# Dead Space.exe has stopped working help!!=[



## rachet (Oct 12, 2008)

Just installed the game with no problems. I double click on the icon to play the game and it takes about 30 seconds then the error shows up.

Dead Space.exe has stopped working
A problem caused the program to stop working correctly. Windows will close the program and notify you if a solution is available.

I've googled some links and found this..

http://forums.electronicarts.co.uk/dead-space/354693-deadspace-exe-has-stopped-working.html

Ive disconnected my peripherals such as printer, ipod, logitech headphones and my external memory card reader.

I have the latest graphics card driver 178.24 released 15th October.

With that link I don't understand the graphics part and the editing so didn't do any of that.
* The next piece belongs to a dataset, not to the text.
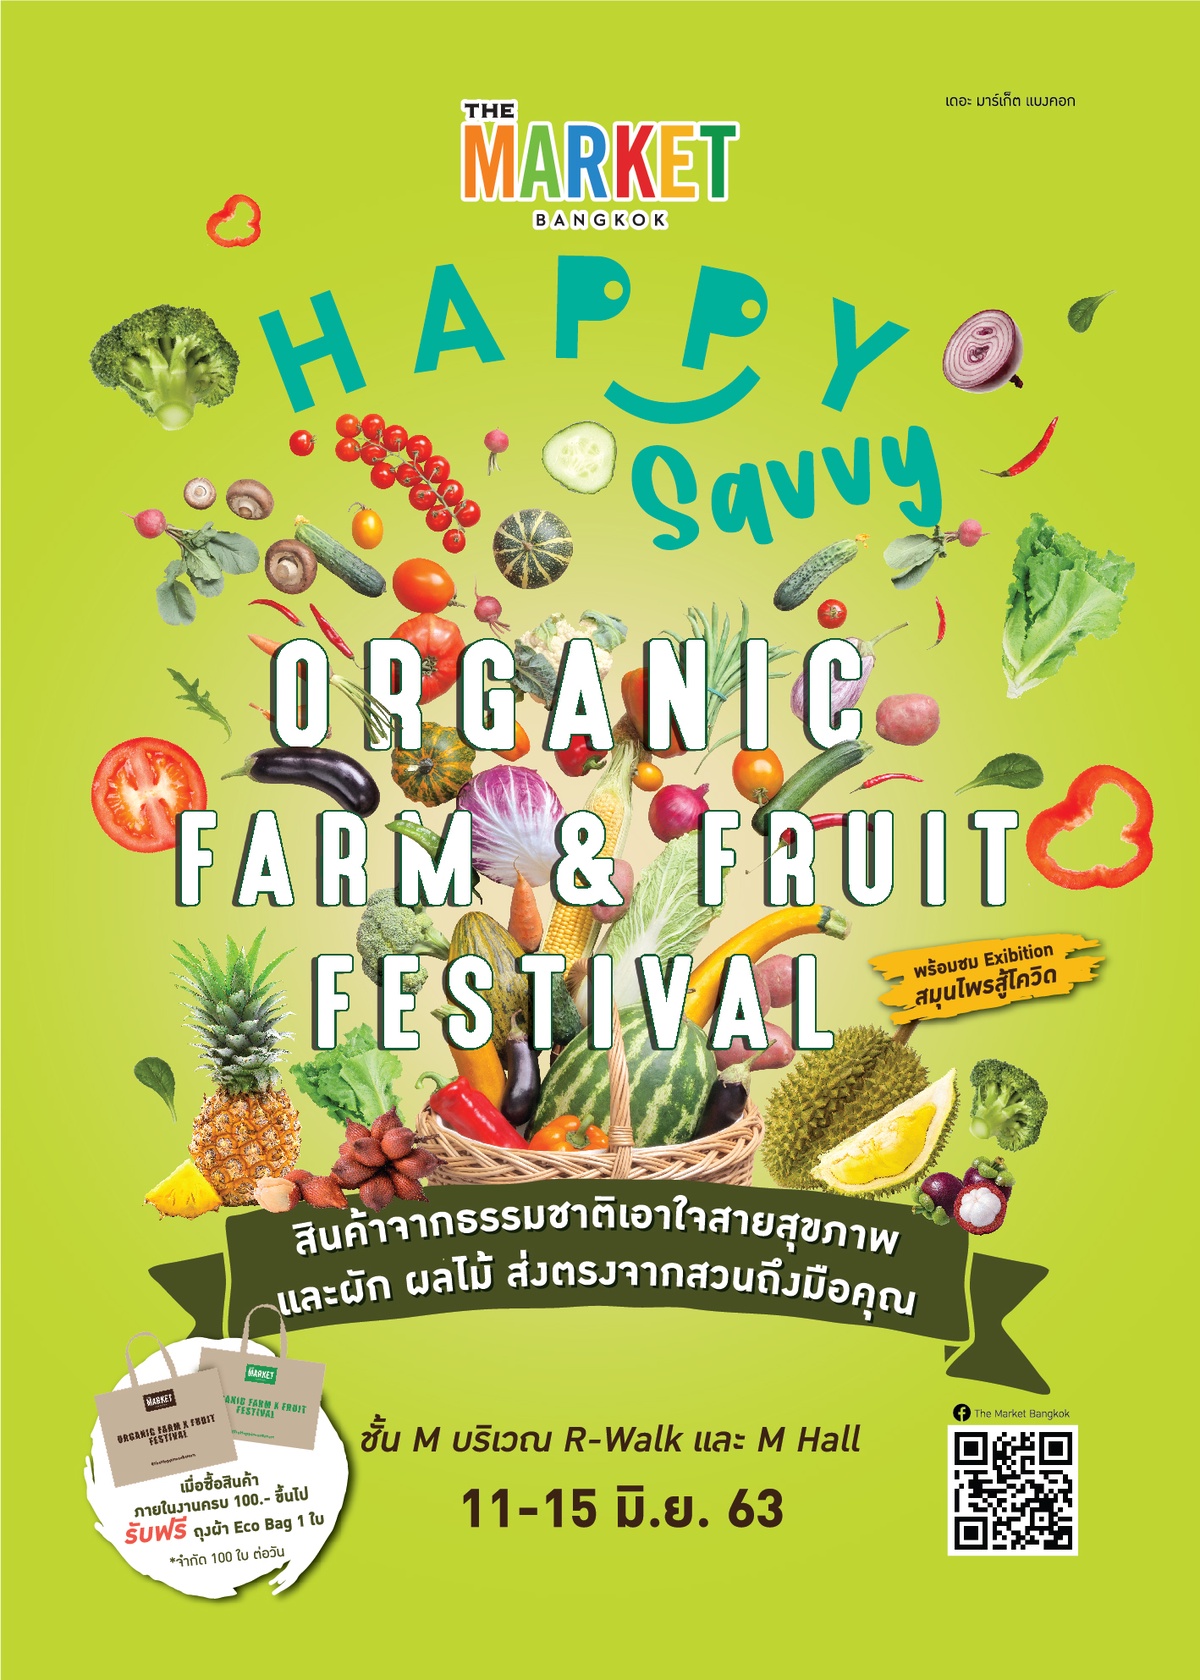 ศูนย์การค้า เดอะ มาร์เก็ต แบงคอก (ย่านราชประสงค์) จัดงาน Happy Savvy: Organic Farm Fruit Festival วันที่ 11 15 มิถุนายน

please help. Really want to play this game


----------



## rachet (Oct 12, 2008)

I unplugged what i thought were peripherals. Graphics tablet and my printer. I disconnected my mouse and keyboard cause they were connected via usb along with my headset but not luck. I dont have a controller for it to not work.


----------



## rachet (Oct 12, 2008)

I've got the game to work but in a weird way. I had to go into Task Manager. Click on explorer.exe and the process tree then still in task manager open dead space.exe and it works. you can Alt+Tab back to dekstop and open explorer.exe and go back into the game and it still works. Should work for people having problems.


----------